Pour passer une bonne nuit en montagne, de nombreux facteurs entrent en ligne de compte : la qualité du duvet, l'état de fatigue, la météo et enfin, le contact avec le sol. Le matelas autogonflant est un choix primordial.
Lorsque l’on bivouaque souvent en montagne, on peut être impressionné par les différences de confort que l’on rencontre avec un même matériel. Certaines nuits on semble avoir un duvet trop chaud et on manque de peu l’angine par une ouverture démesurée du sac de couchage. D’autres fois on se dit que les 650 g de duvet tip top ne suffisent pas pour le genre d’entreprise que l’on essaye de mener à bien.
Il est vrai que de nombreux facteurs rentrent en compte pour déterminer l’efficacité du sac de couchage et le confort de la nuit que l’on va passer en altitude. Il y a tout d’abord l’intensité des efforts déployés dans la journée. Surtout en haute altitude, si l’on s’est mis dans le rouge, le repos corporel sera plus difficile à trouver. Il y a ensuite l’état nerveux, l’ambiance et le stress du moment. Une nuit en solitaire risque d’être plus froide que lorsqu’on se sent bien accompagné. Viennent évidemment les paramètres météo : le vent notamment. Et surtout, point fondamental ! : le contact avec le sol.
Caractéristiques techniques du fabricant
Le secret de cette gamme repose sur des cellules ouvertes en forme d’étoiles permettant une excellente répartition de l’air dans le matelas. Le confort et l’isolation sont maximaux tout en utilisant moins de matière. Pour gagner encore en poids, la forme du matelas suit la silhouette du corps humain. La face supérieure est en polyester Diamond 70 deniers et la face côté sol en polyamide 70 deniers renforcée avec points antidérapants en urétahne.
Longueur : 183 cm
Largeur : 51 cm
Épaisseur max. : 3,8 cm
Dimensions roulés : 28 x 12 cm
680 g (poids exact vérifié par mes soins)
Prix constaté en fev 2011 : 95€

J’ai compris en expé, où j’ai passé une dizaine de nuits sur la glace, ce que signifiait une mauvaise isolation avec le sol.
Autant le dire tout de suite : il ne sert à rien de sacrifier la majeure partie de votre budget pour un duvet haut de gamme si celui-ci n’est pas correctement isolé du sol et de ses frigories par un bon matelas.
J’utilisais à l’époque un matelas autogonflant de 2.5 cm d’épaisseur. D’accord il était léger, mais j’étais obligé de dormir sur du matériel pour ne pas sentir la glace m’envahir par les points de contact avec le sol. Dormir sur des cordes et des jeux de friends, il y a mieux je vous assure !
Depuis ce temps, je me suis mis en quête d’un matelas suffisamment épais pour assurer une véritable isolation avec le sol. Entreprise plus difficile qu’il n’y paraît à prime abord. Il existe des monstres de 5 cm d’épaisseur et plus mais leur poids avoisine ou dépasse le kilogramme.
Au final, il me semble avoir trouvé un bon produit alliant un vrai confort d’isolation avec le sol et un poids correct :
C’est le Thermarest Prolite plus.
3.8cm d’épaisseur c’est pour moi le minimum pour ne pas ressentir les frigories du sol en hiver. Et tout ça pour 680 grammes, en grande taille, c’est très bien !
Testé durant 2 saisons en hiver comme en estives, j’ai essayé ce matelas sur de la neige, des sous-bois, des arrêtes schisteuses, dans des abris glacés.

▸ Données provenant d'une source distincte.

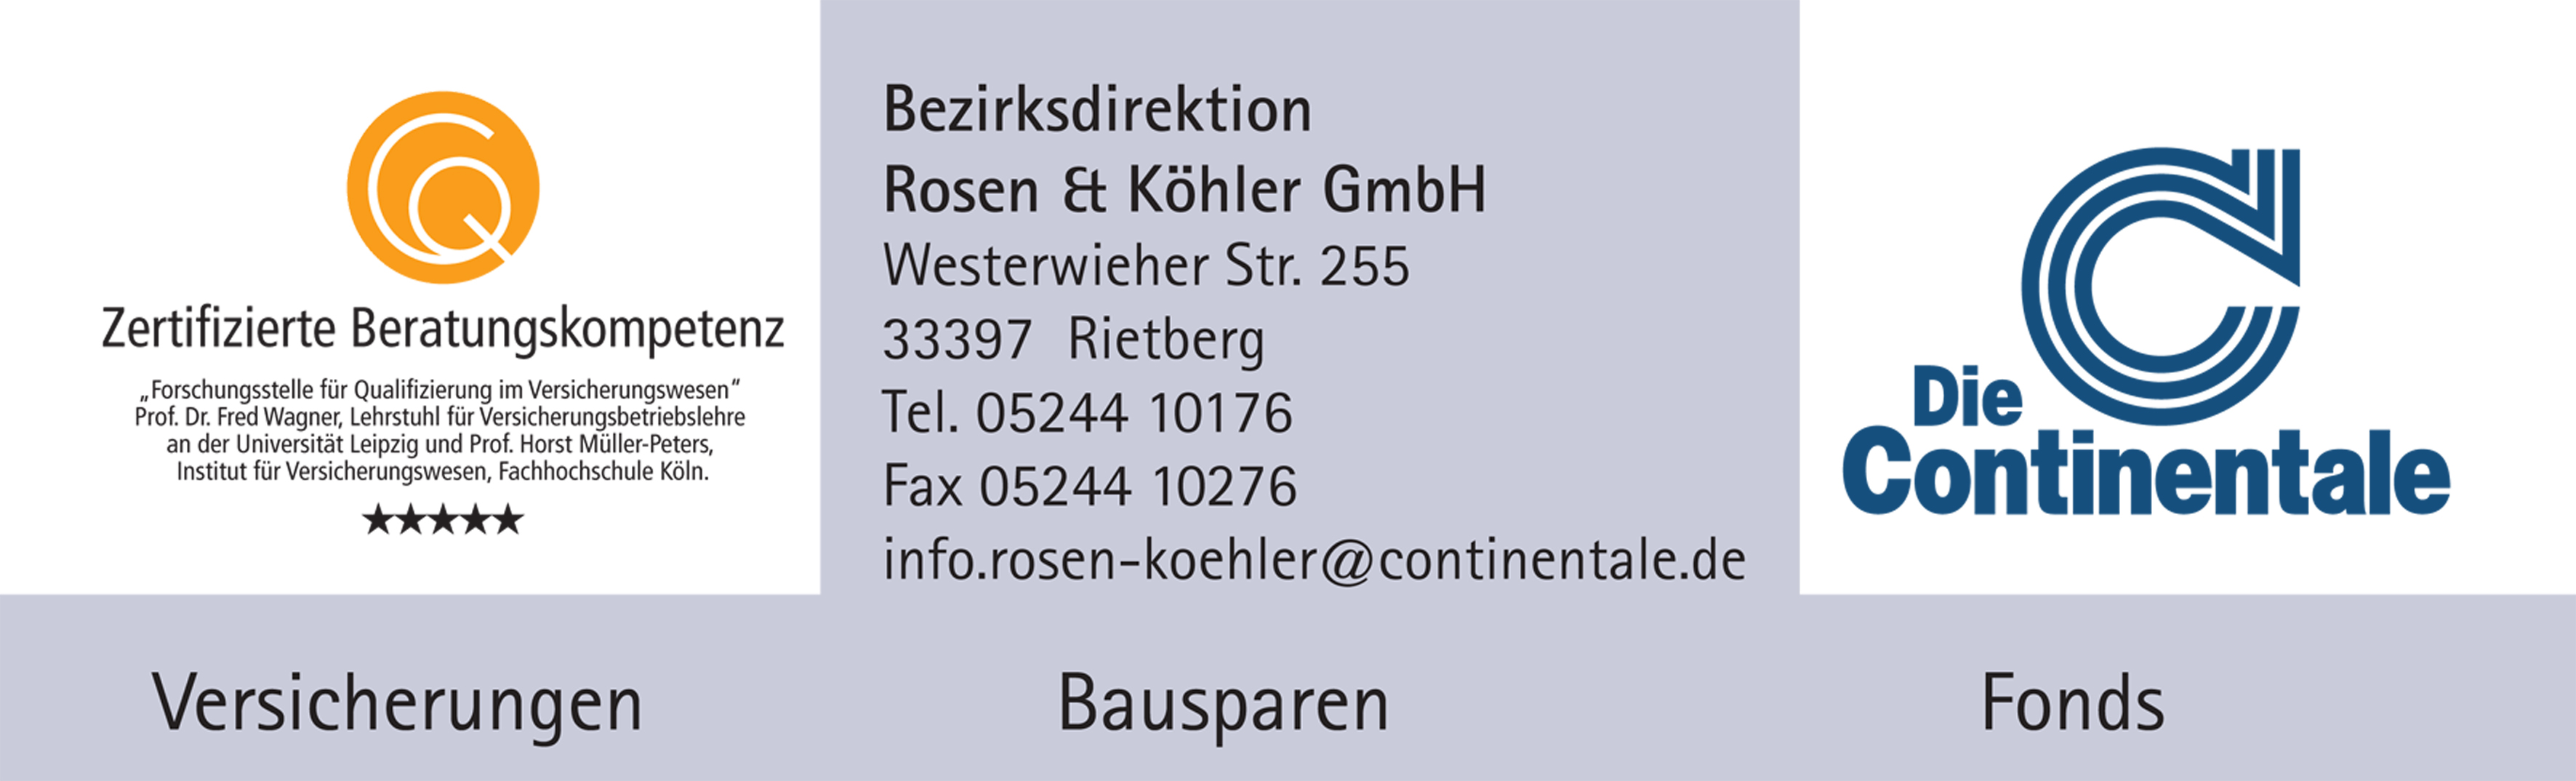 Die Continentale Bezirksdirektion, Rosen & Köhler GmbH

L’isolation avec les frigories du sol. Que ce soit à plat dos ou sur le côté, les hanches ne rentrent pas en contact avec le sol. Rien à dire au niveau des épaules. Peut-être, me direz-vous, que vous obtenez le même résultat avec un matelas de 3cm d’épaisseur, même 2.5cm... Alors c’est parfait, mais comme je ne suis pas spécialement lourd, je pense que les 3.8cm d’épaisseur doivent constituer un standard.
Aucune perte constatée durant deux saisons ! Je n’ai pas remarqué de baisse de gonflant durant la nuit, un point fondamental qui évite des réveils difficiles au petit jour ou en pleine nuit, d’autant que regonfler un matelas en altitude n’est pas ce qu’il y a de plus agréable et sans compter que cela procure une certaine inquiétude sur la fiabilité de son matériel en général.
Comme les autogonflants en général, il se range facilement dans le sac à dos une fois vidé et enroulé.

rien à dire au chapitre des regrets, sauf peut-être le prix. Il est un peu cher mais c’est en rapport avec ses qualités.
Une dernière chose, concernant le stockage : il est conseillé de ranger ce matelas non roulé, non plié, et valve ouverte. Par exemple au-dessus d’une armoire.